# 1966 GTO - Numbers matching?



## GTOKurt (Jan 28, 2017)

I need some help and advice.

I have a 1966 GTO, bought just a few years ago. The prior owner stated it had a non-numbers matching engine - something from a 69 Pontiac Firebird. He may have been wrong.

Recently, I had some motor problems, and some white smoke out a tailpipe. I pulled the heads and found lots of problems, including mismatched/worn pushrods and worn lifters. I have not yet ruled out a problem in the block, but I noticed that maybe this car did have its original motor. The original tranny is long gone, and was replaced with a TH350. 

I plan to look into the block and pistons to make sure the block is OK. Regarding looking into the block, is there an "easy" way to pull the oil pan so I can look into the block from below? I do not want to pull the engine out unless I plan to replace it.

So I am trying to decide if I should rebuild the old heads, or buy a new set of Edelbrock heads, or just get a whole "new" rebuilt motor. Knowing if the numbers match will lead me to repairing versus replacing to entire motor.

Here are the numbers and codes:
VIN: 242 676 P 322zzz
Block code: YS (with two freeze plugs per side)
Engine code: 778789 (not 9778789) with date code: F 16 (June 1, 1966)
Heads code: 092 
PHS states an invoice date of 6/7/1966

Can anyone tell me if I have a numbers-matching car/motor?

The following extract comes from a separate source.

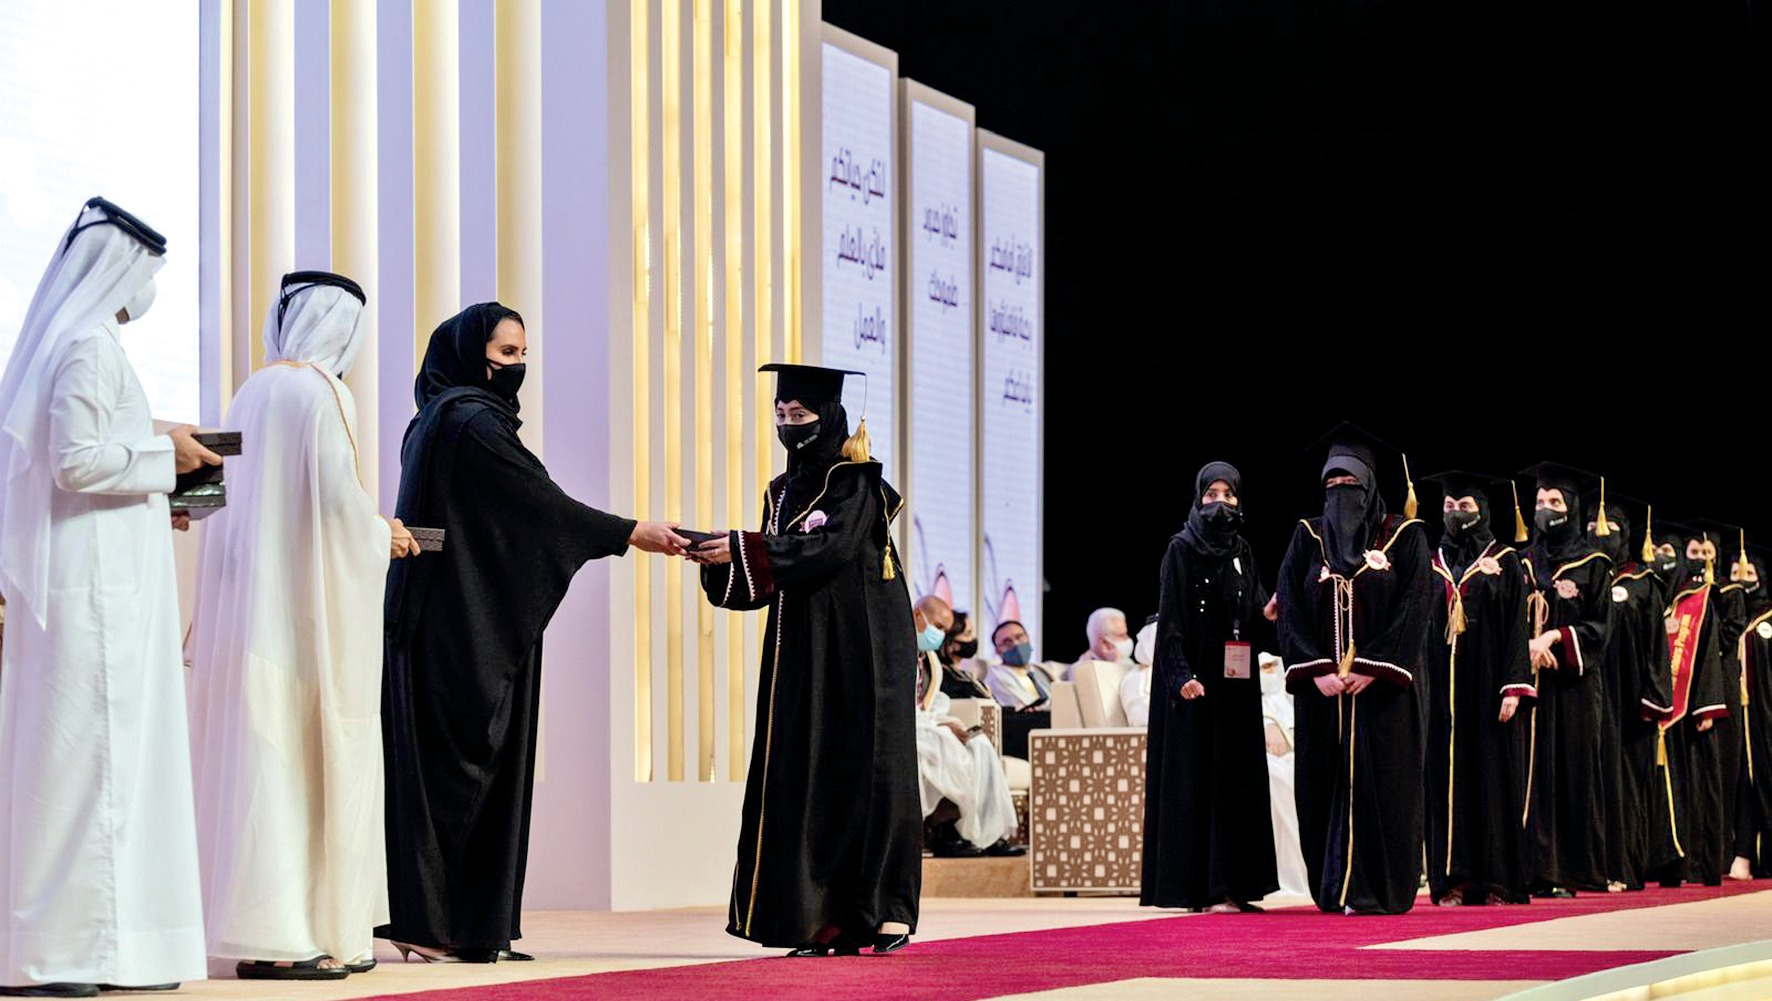 Sheikha Jawaher Honours Outstanding QU's Female Graduates

Any help or advice is greatly appreciated.


----------



## PontiacJim (Dec 29, 2012)

GTOKurt said:


> I need some help and advice.
> 
> I have a 1966 GTO, bought just a few years ago. The prior owner stated it had a non-numbers matching engine - something from a 69 Pontiac Firebird. He may have been wrong.
> 
> ...


PHS documents should provide the block code. 

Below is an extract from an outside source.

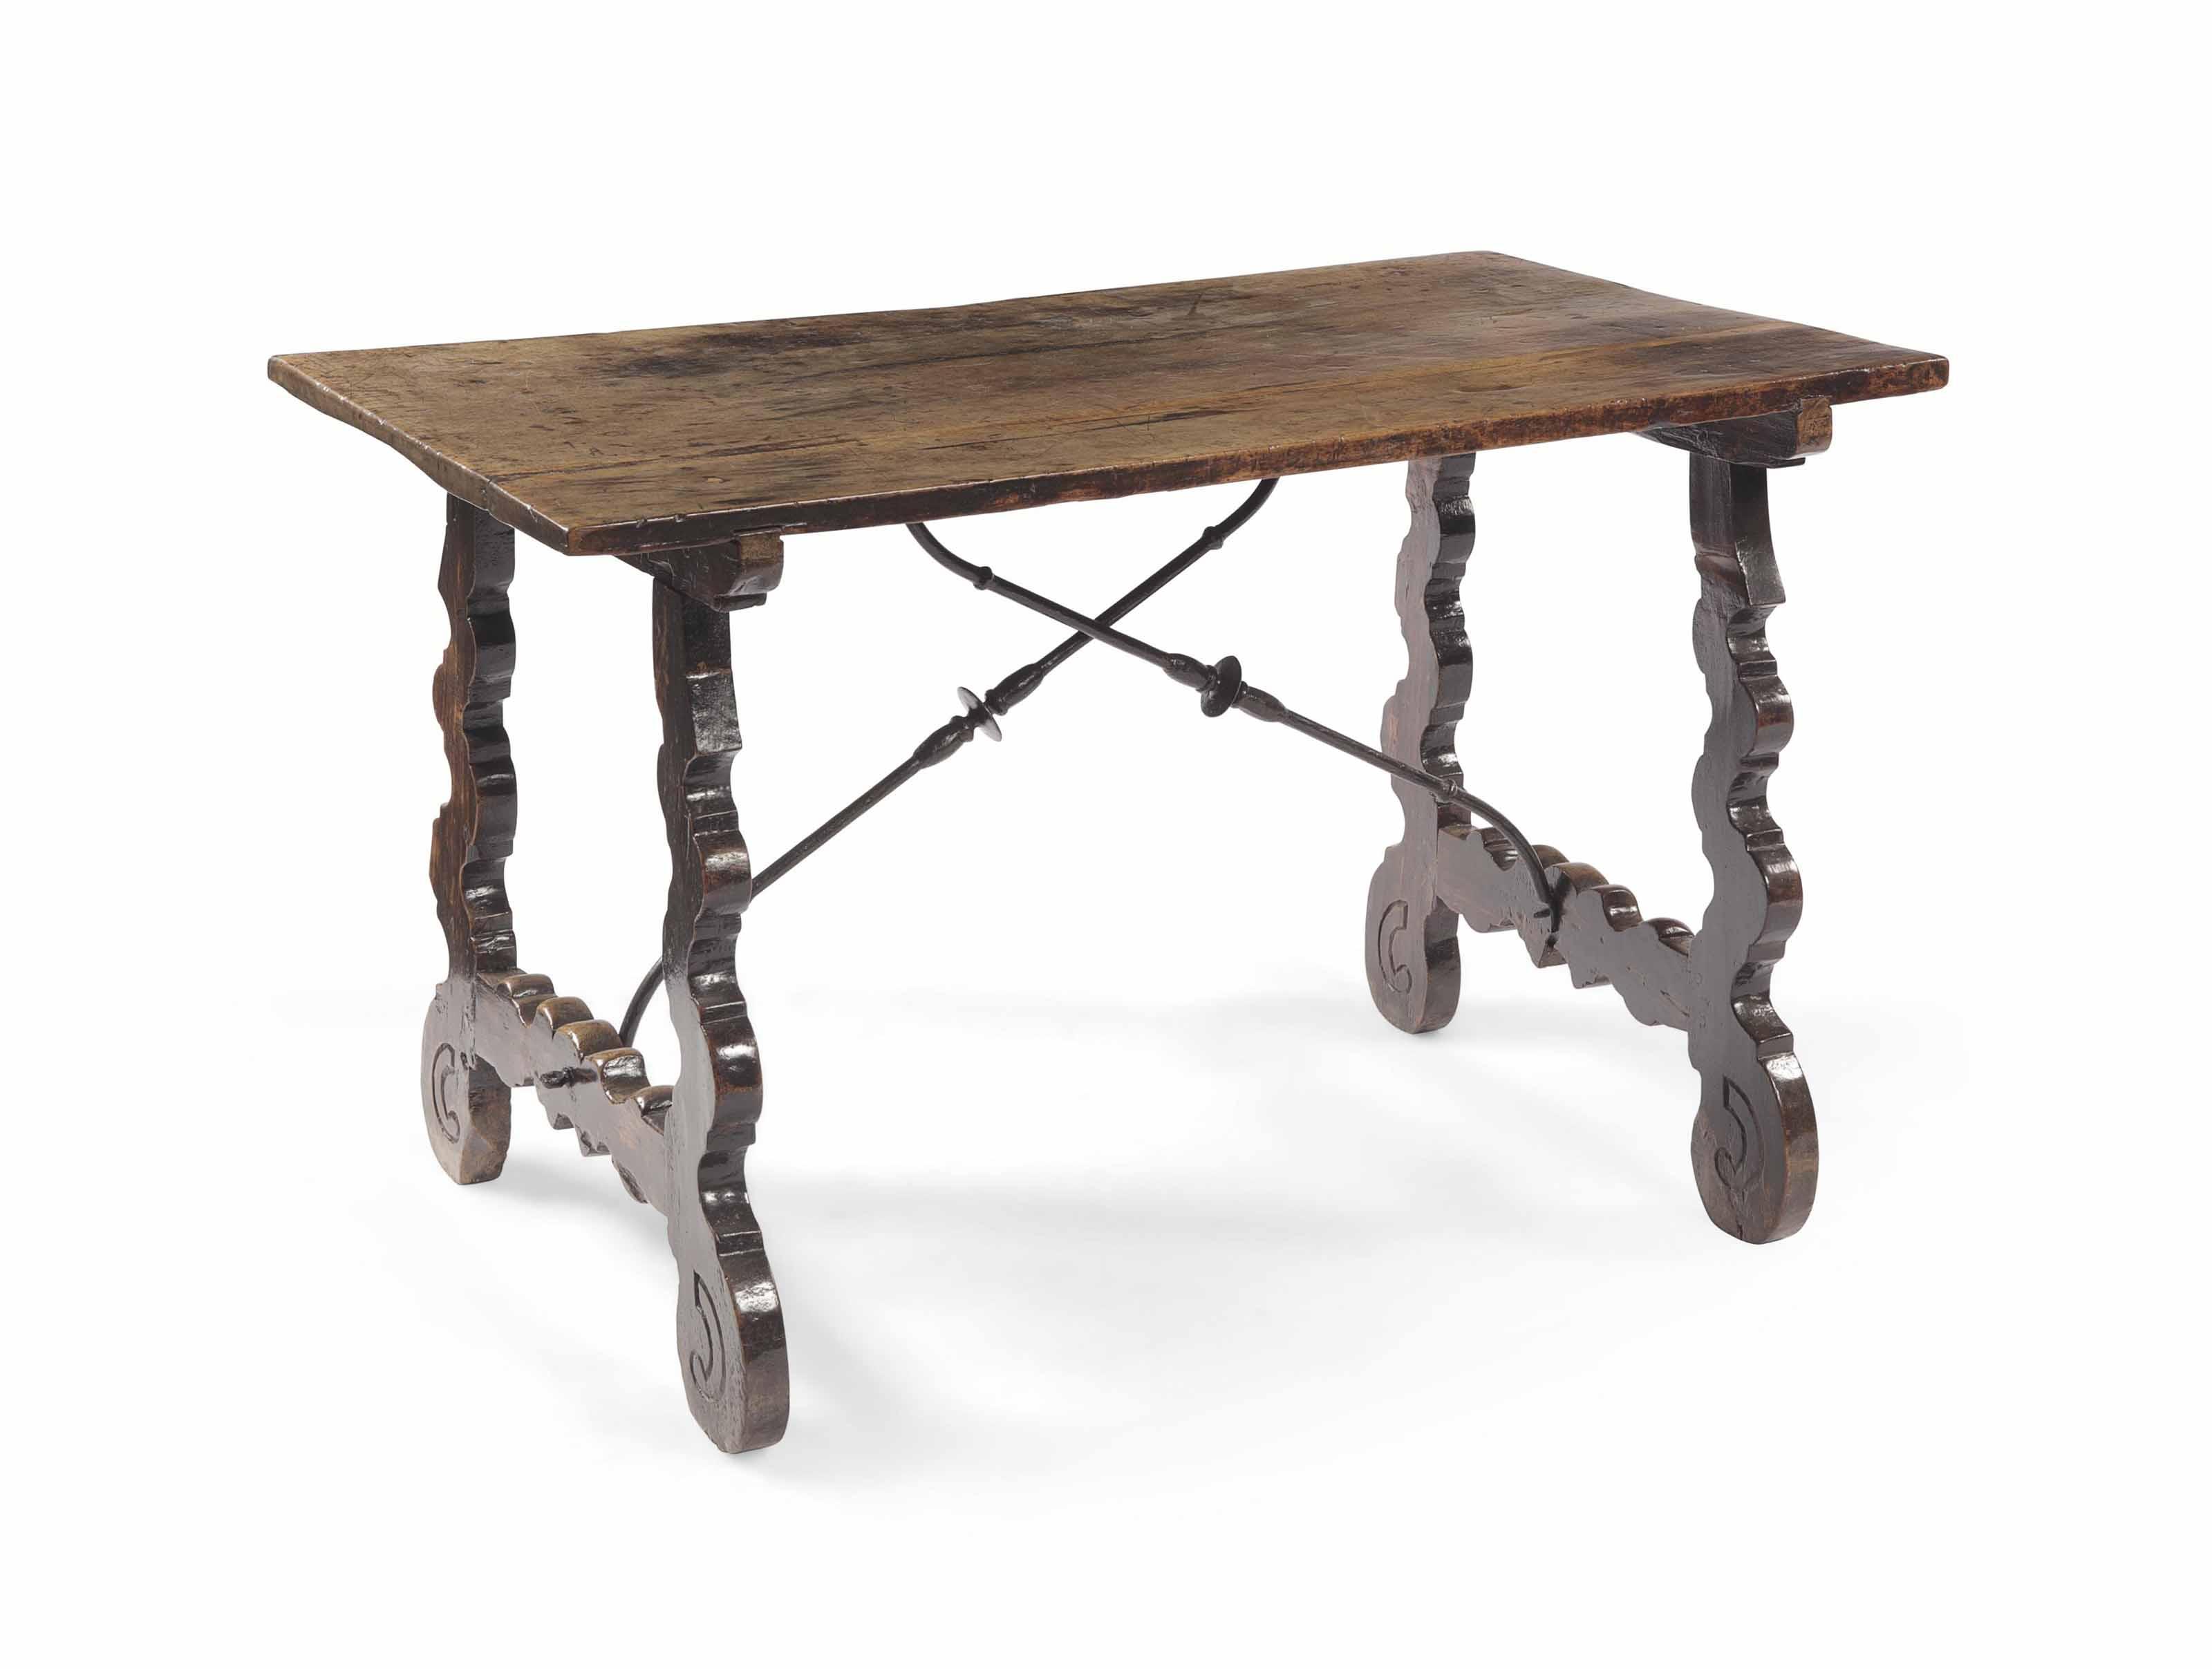 A Spanish walnut refectory table

Sounds like it could be an original engine. Here are block codes for 1966: Pontiac Engine Codes

Here are head codes for 1966: Pontiac V8 Cylinder Heads

It could be the original block with the YS code seeing it has the 2 freeze plugs, but the GTO's used the 093 heads, not the 092 heads. The blocks did not have VIN numbers stamped on until 1967/1968. You should see an Engine Unit Number above the letter code. This is a sequence number used by Pontiac. Your PHS documents should have highlighted this for you.

The engine casting number looks correct for 1965-66 even with the missing "9". Here is more info to go through on the ID of your car: https://classicregister.com/id-guides/how-identify-1966-pontiac-gto-coupe-hardtop-convertible

Now tell me how you are going to check the condition of the rings/ring lands/pistons by pulling the pan and "looking inside." Seems the previous owner did not know what the engine was, so I would not assume that the engine is in good shape at all without a total disassembly for inspection and then go from there. Don't throw good money on top of bad. :thumbsup:


----------



## GTOKurt (Jan 28, 2017)

Jim,

Thanks for the help. PHS says block code is YS. 

The engine unit number is not fully legible. See pic. It looks like the number was never stamped deeply into the metal (or it was somehow wiped away, but the paint does not appear to be thick. The area just looks very smooth.

I have read about others in this forum who have the same missing '9' with the same engine casting number that I have: "778789".

My plan to inspect the block from underside is to pull the oild pan, then push the pistons up and out of the block to inspect the cylinder walls, rings and pistons. Your thoughts about doing a full inspection in light of the info from the previous owner is appropriate, and I am just looking for an alternative to pulling the entire motor.

Assuming the block and pistons check out OK, should I rebuild the heads, or get new heads like Edelbrock's, or look for a matched rebuilt set?

If the block is bad, then I might as well get a new engine. If it is just bad rings or pistons, then keeping the original block in tact makes sense.


----------



## cij911 (Oct 25, 2017)

I believe you have to pull the motor to get the pan off....Sorry.


----------



## PontiacJim (Dec 29, 2012)

GTOKurt said:


> Jim,
> 
> Thanks for the help. PHS says block code is YS.
> 
> ...


Looking at the photo, someone has messed with the engine code and restamped it "YS". So with the 092 heads, it is most likely an engine out of a full size car.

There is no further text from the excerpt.